• TASK PROMPT: Quote all of the data exactly as given. Skip every picture it contains.
---------- DATA ----------
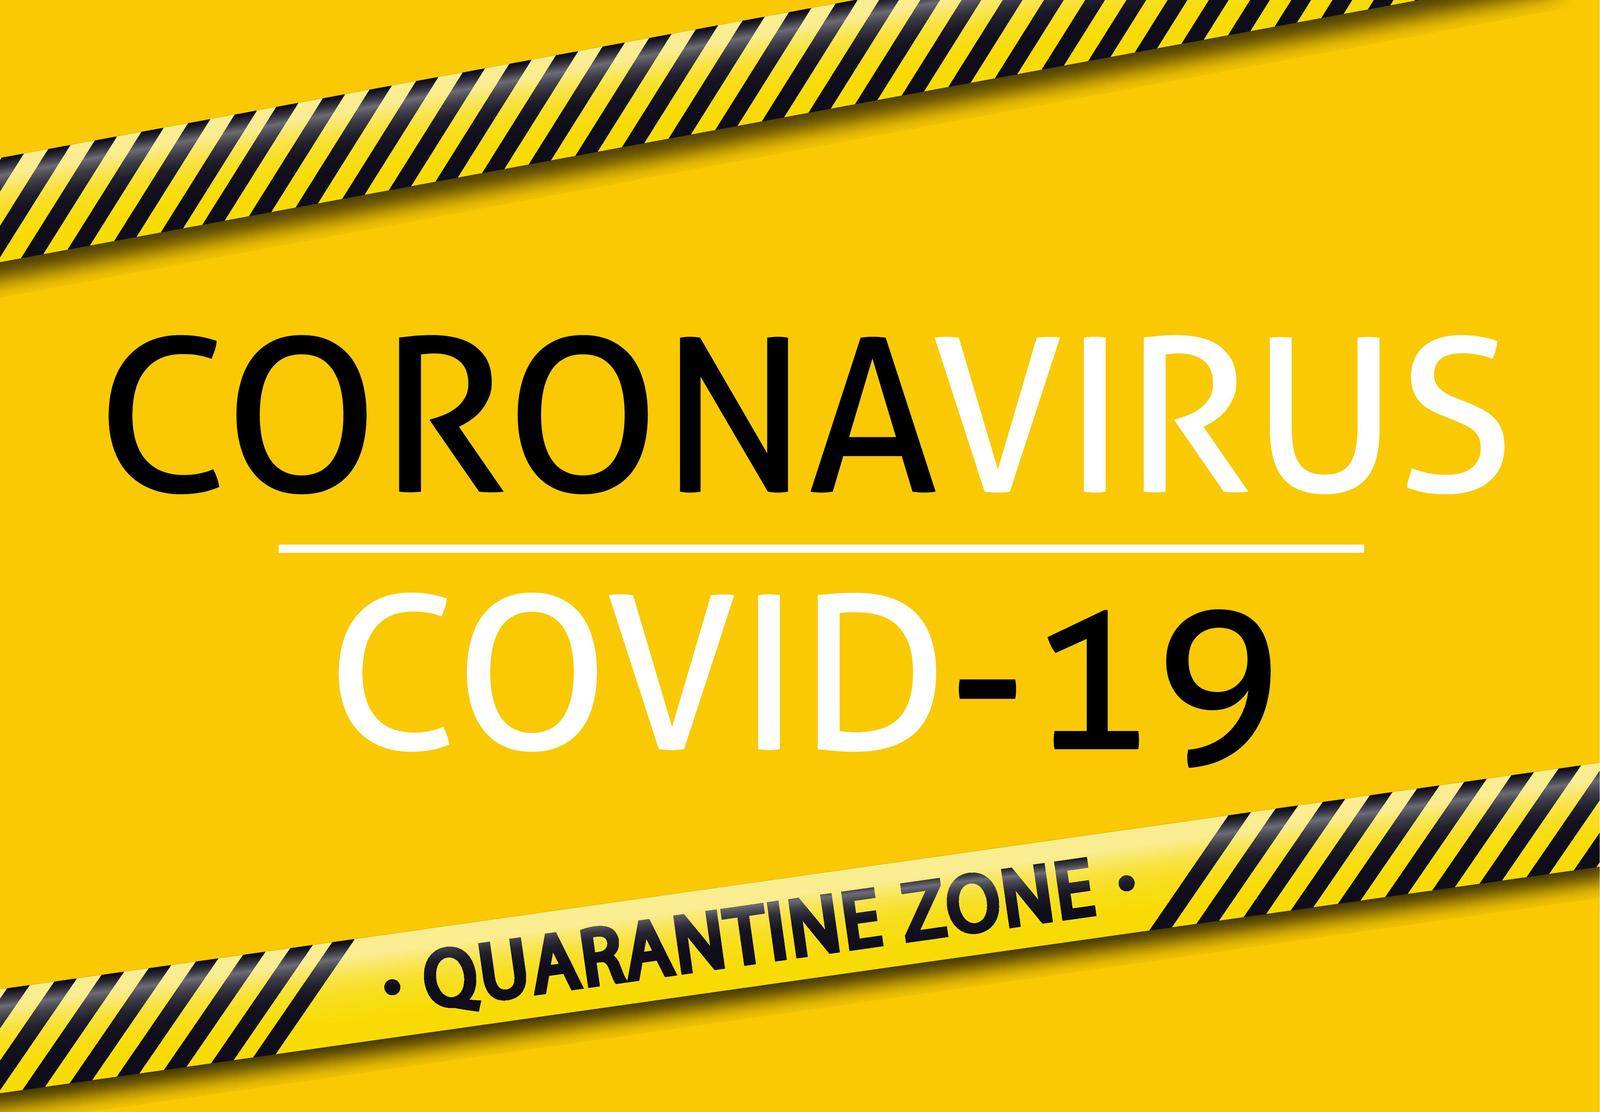 Quarantine Zone.Covid-19. Coronavirus. by ku4erashka
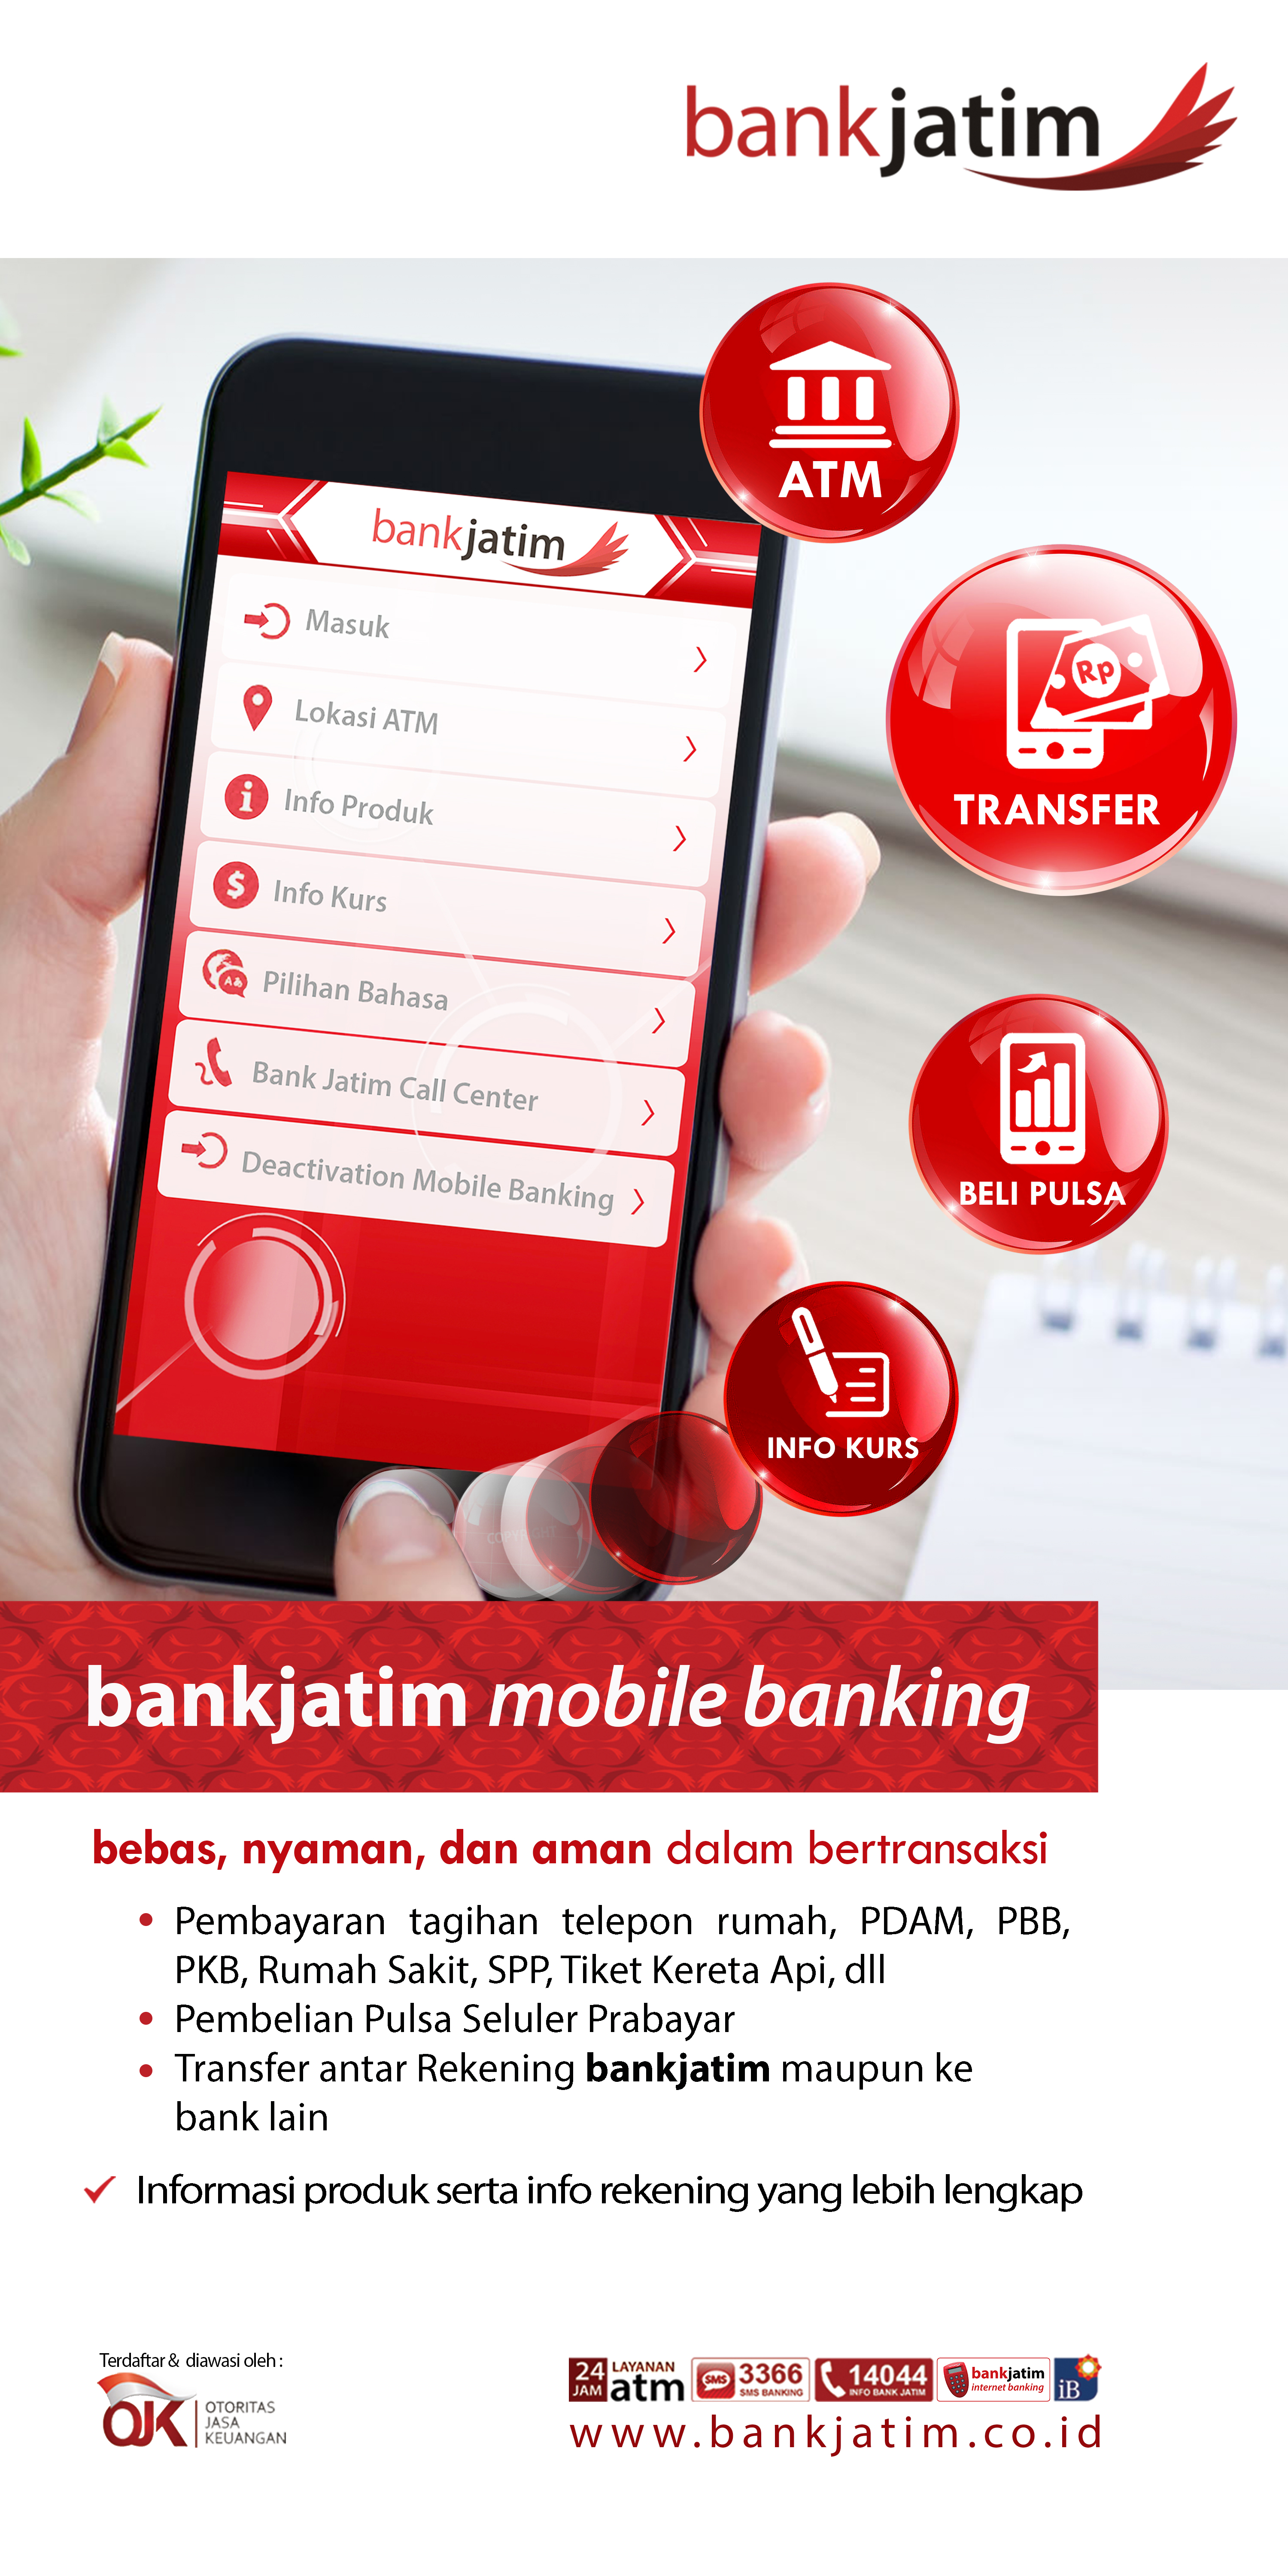 http://www.bankjatim.co.id/id/konvensional/produk-layanan/layanan/mobile-banking
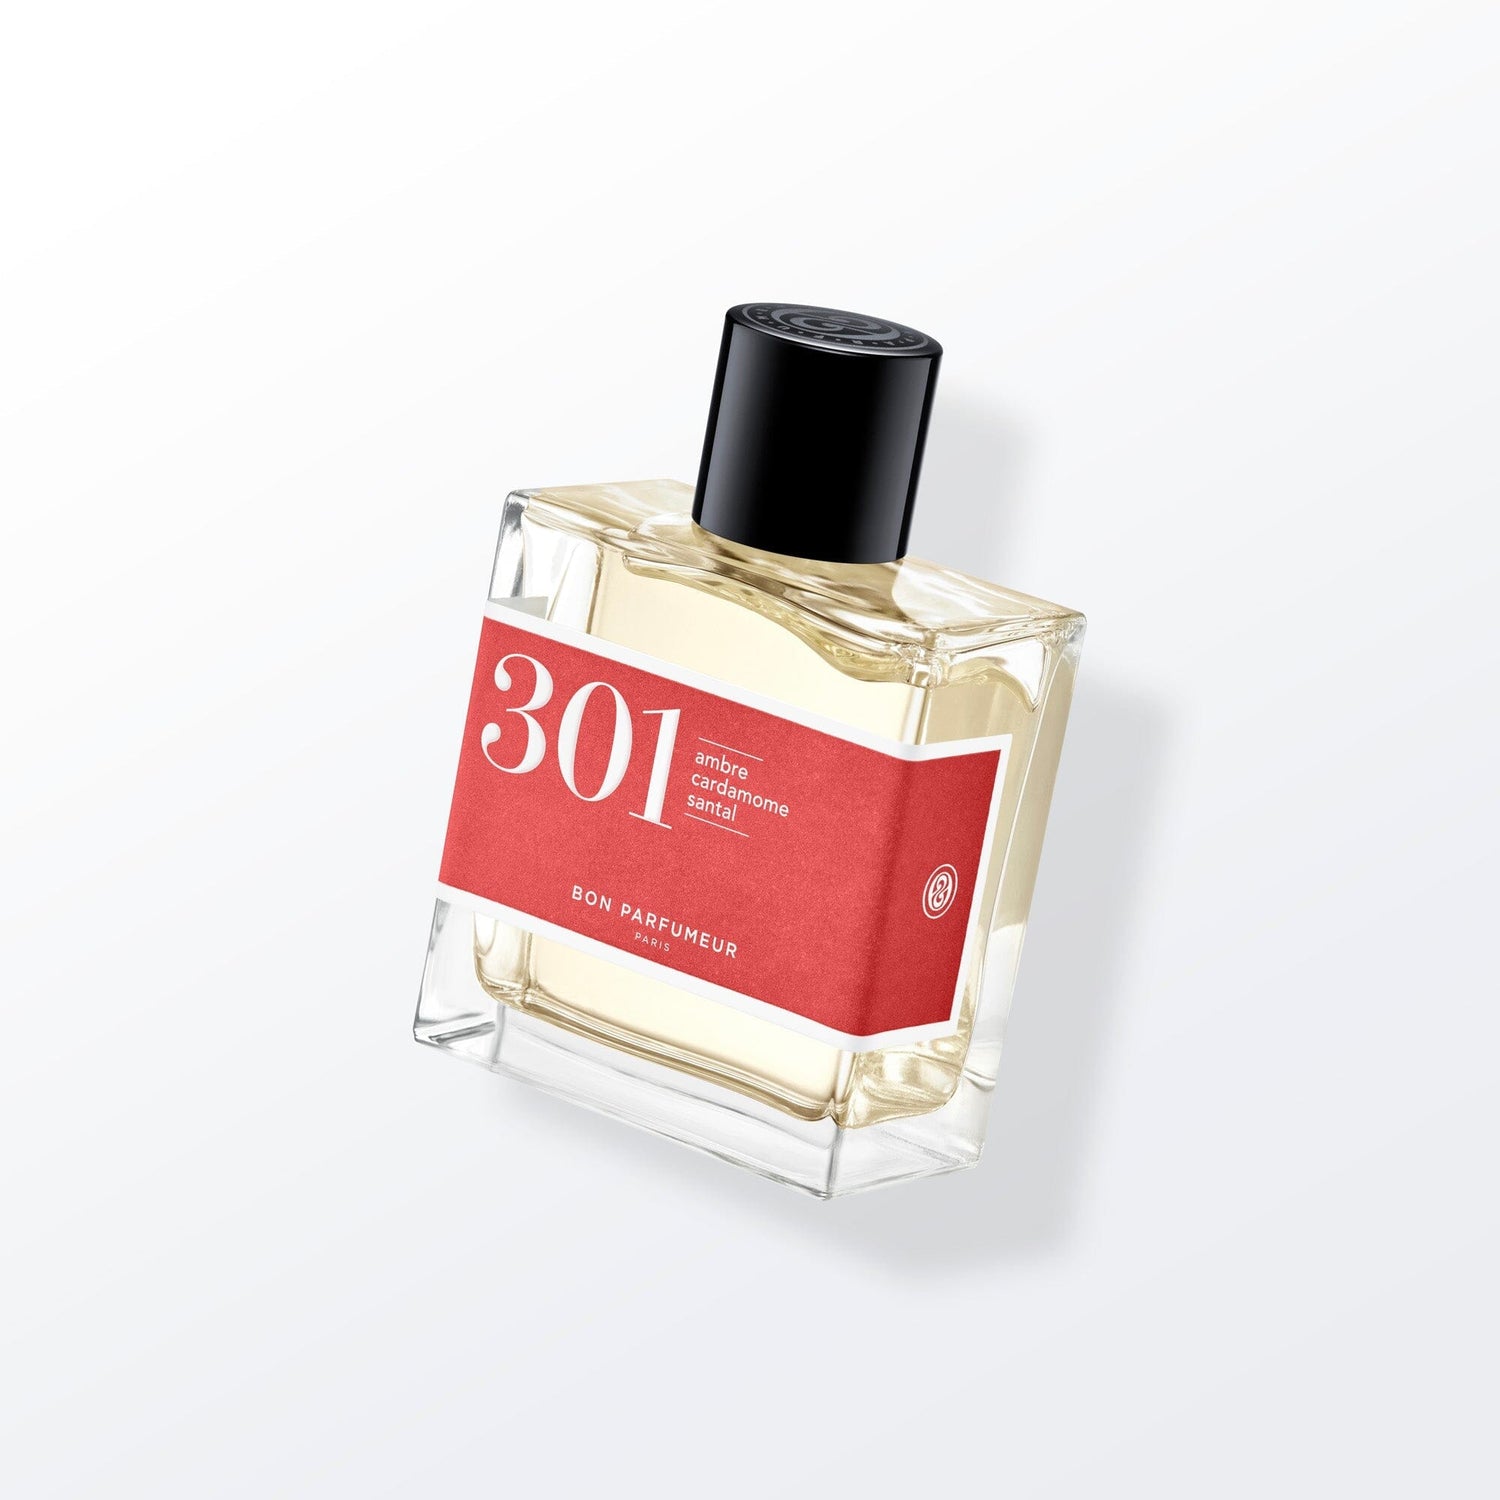 300 - Spicy Amber Fragrances
----------
• ANSWER FOR THIS EXERCISE:
 Quarantine Zone.Covid-19. Coronavirus. by ku4erashka
 http://www.bankjatim.co.id/id/konvensional/produk-layanan/layanan/mobile-banking
 300 - Spicy Amber Fragrances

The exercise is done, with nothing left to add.